Jan 16, 2008

Two Wrongs Don't Make a Right

While Chavez broadcasts his support for the FARC to the four corners of the world, he consistently gets the same reply: they are terrorists. That is to say they engage in acts of violence against innocent civilians to advance their cause - whatever that may be at this post communist juncture in history. Chavez, interestingly enough, doesn't deny that they are committing acts of terrorism. He can't. After all he just went to the extremes of foolishness to make himself look the hero by getting the release of two hostages, Clara and Consuelo. 

What he argues instead, in a slight of hand that pays huge dividends, is that the biggest, "hyper" terrorist in the USA. This comment actually seams to generate a good deal of agreement, and this writer is not immune to its impact. The flaw, of course, in this "excuse" is that two wrongs don't make a right.
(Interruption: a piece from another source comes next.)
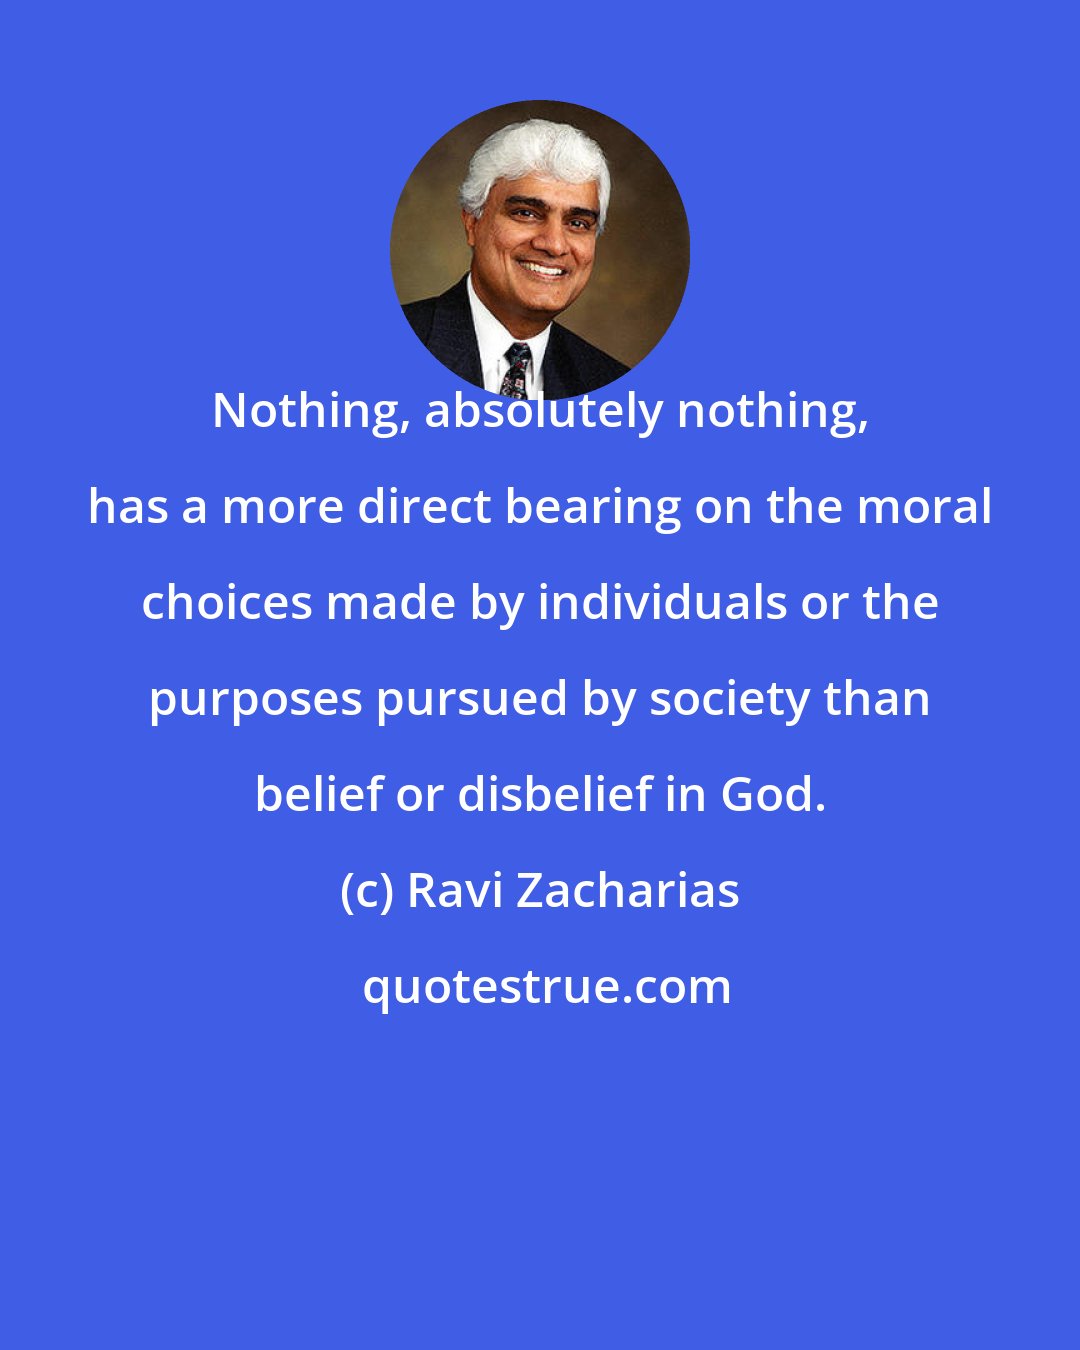 Ravi Zacharias: Nothing, absolutely nothing, has a more direct bearing on the moral choices made by individuals or the purposes pursued by society than belief or disbelief in God.

The fact that tens of thousands of innocent Iraqis have been killed, maimed, displaced and abused in a stupid war promoted by a terrible president, does not excuse the FARC in a completely different part of the world from being the single greatest obstacle for peace in Colombia. 

Naturally, Chavez's attitude is familiar to all of us who can remember being kids or have kids. "Yes I broke those plates, but Jimmy broke the window." My sin is so much smaller as to be inconsequential next to his.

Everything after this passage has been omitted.